When I was in the US last year for the tour of my film The Connection, people kept talking about the microbiome. It seemed to be a buzzword. In fact, Fortune Magazine declared 2015 "The Year of the Microbiome." But before I started sculling kombucha, popping probiotics and fixating on a ‘microbiome diet’, I wanted to find out for myself what it is, what the research actually shows and what this could mean for our health. If you’re new to the craze, the human microbiome is the term being used to describe a bacterial world that subsists on humans and in humans, a world consisting of complex communities of single celled organisms that astonishingly outnumber our human cells at a ratio of ten to one. They’re found on your skin and hands, in your belly button and nose, and throughout your body. Scientists study these microbiota by looking at their DNA - that’s why it’s called the microbiome. In fact, there’s far more bacterial DNA in our body than there is DNA of our own. Genetically speaking we’re 99% microbiome. If anything, my research this week has taught me that I can no longer consider myself to be an individual. I am in fact part of a thriving ecosystem.
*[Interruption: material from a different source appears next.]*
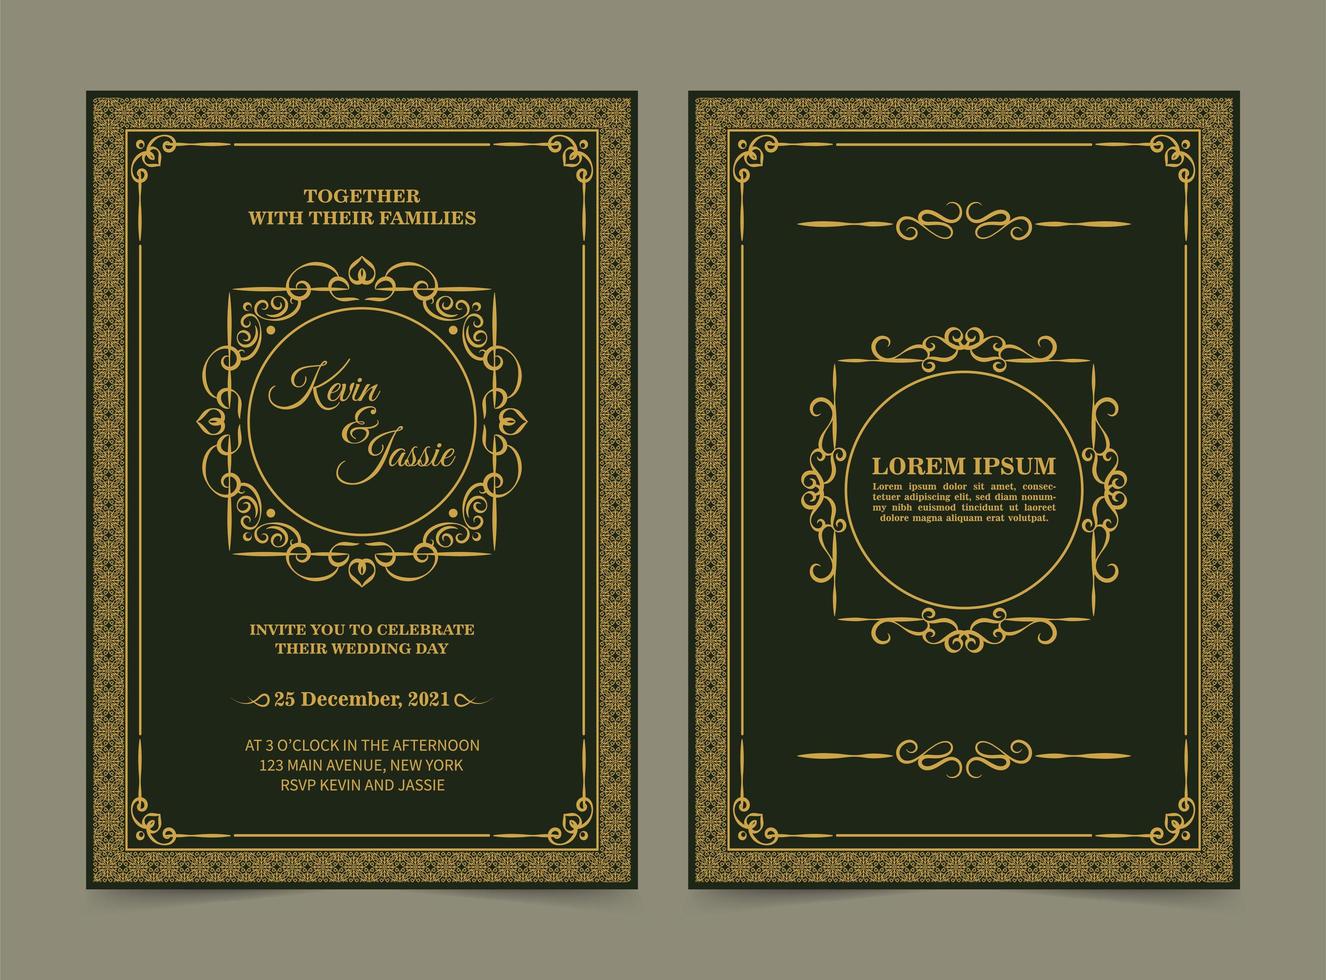 Elegant classic wedding invitation card vector

I’m always looking for new ways to understand the autoimmune disease that I was diagnosed with ten years ago. So when I learned that the microbiome has been shown to influence immune regulation and that it’s been linked to a range of diseases including obesity, inflammatory bowel disease, cancer, heart disease, multiple sclerosis and autism my interest was piqued. Is it possible that my gut ecosystem is out of balance and that’s what’s causing my immune system to malfunction? Could I take probiotic pills and live happily ever after? Perhaps all this research I’ve been doing for the last few years about the complex interactions between the state of our mind and our health can actually all be boiled down to the simple explanation that my gut needs some good bacteria.
I had suspected that the microbiome may be yet another over hyped, under researched concept being exploited to sell products and promise easy answers and cures to vulnerable people. What I’ve found is that while there are some alarming elements of quackery, there is also some extraordinary possibility. I’ll be turning my attention to this topic for the next few weeks. I’ll be looking at the role of stress and the microbiome, how our diet can influence the ecosystem and how allergies are increasingly being related to all this. But for now, lets start by understanding the mind-body health connection with our microbial companions.
There is increasing scientific focus on the variety of bacterial species that reside in our gut. They are important for metabolizing drugs, digesting food and providing energy and nutrients. Scientists now realize that they are not passengers but rather, they are more like co-pilots that influence our health, the size of our waistline, our mood, our stress resilience and even our behavior. The relationship is two-way. Researchers call it the gut-brain axis; where the brain sends signals about digestion and immune functions that influence gut microbes, and gut microbes make compounds like neurotransmitters that influence the brain.
This new information brings major breakthroughs for understanding the mind body connection when it comes to illness. For instance these researchers discovered that the bacteria called Oscillibacter make a chemical that acts as a tranquilizer and can lead to depression. One fascinating study I came across showed that normal mice could be made to act more anxiously just by swapping their microbiota with that of anxious mice and these researchers changed healthy mice into obese overeaters by giving them gut microbes from fat, gluttonous mice.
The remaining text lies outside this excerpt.